## To do
Starting at the first line of the records below, transcribe each line exactly, ending with the line that contains "Super Mario Barrels Of Bananas T-Shirt".
Top of Extracted material
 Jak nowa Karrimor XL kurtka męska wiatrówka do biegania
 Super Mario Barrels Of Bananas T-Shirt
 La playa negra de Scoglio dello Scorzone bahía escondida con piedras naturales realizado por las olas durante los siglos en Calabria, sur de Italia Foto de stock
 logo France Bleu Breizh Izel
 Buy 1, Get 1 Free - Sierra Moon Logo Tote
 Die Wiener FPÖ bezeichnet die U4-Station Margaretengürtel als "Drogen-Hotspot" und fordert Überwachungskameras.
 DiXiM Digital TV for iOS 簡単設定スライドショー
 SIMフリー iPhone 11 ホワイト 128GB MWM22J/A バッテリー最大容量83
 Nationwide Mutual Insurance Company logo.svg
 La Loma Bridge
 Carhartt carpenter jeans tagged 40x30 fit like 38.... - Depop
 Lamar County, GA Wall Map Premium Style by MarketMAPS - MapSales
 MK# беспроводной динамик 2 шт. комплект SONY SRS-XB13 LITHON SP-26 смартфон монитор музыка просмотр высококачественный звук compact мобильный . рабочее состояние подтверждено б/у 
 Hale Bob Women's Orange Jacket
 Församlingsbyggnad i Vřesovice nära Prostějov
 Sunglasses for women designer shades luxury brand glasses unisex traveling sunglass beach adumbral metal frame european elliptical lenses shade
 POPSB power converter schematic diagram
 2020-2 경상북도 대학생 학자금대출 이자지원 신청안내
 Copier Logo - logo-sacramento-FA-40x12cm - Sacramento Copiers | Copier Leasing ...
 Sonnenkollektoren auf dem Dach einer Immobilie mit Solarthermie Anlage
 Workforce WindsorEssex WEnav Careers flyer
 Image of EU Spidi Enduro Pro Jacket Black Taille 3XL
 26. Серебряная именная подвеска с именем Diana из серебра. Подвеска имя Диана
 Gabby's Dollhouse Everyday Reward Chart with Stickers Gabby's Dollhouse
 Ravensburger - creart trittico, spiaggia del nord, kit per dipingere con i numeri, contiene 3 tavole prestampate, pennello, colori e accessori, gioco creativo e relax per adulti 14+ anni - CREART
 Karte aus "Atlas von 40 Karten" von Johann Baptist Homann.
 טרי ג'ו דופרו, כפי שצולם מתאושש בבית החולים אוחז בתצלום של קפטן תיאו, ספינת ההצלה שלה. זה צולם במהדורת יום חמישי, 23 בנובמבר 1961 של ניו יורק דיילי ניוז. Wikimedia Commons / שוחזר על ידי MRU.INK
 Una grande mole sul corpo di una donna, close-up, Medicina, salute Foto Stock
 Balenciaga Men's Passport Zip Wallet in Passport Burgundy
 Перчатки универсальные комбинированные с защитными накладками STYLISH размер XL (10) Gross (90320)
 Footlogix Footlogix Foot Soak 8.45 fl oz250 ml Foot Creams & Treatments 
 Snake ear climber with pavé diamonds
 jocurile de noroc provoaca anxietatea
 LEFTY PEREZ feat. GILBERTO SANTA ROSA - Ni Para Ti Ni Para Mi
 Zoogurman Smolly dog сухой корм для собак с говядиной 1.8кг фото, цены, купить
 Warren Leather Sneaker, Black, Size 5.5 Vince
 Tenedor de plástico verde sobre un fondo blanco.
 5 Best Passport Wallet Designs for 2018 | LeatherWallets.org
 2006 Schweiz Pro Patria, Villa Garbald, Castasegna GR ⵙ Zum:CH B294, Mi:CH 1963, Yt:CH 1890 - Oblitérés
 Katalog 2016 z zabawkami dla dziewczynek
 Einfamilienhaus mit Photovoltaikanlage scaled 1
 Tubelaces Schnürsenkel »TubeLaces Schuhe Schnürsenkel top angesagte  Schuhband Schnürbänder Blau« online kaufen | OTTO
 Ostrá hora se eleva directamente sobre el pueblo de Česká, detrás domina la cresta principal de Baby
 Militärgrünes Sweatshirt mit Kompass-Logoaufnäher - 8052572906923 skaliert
Bottom of Extracted material
## Solved problem
 Jak nowa Karrimor XL kurtka męska wiatrówka do biegania
 Super Mario Barrels Of Bananas T-Shirt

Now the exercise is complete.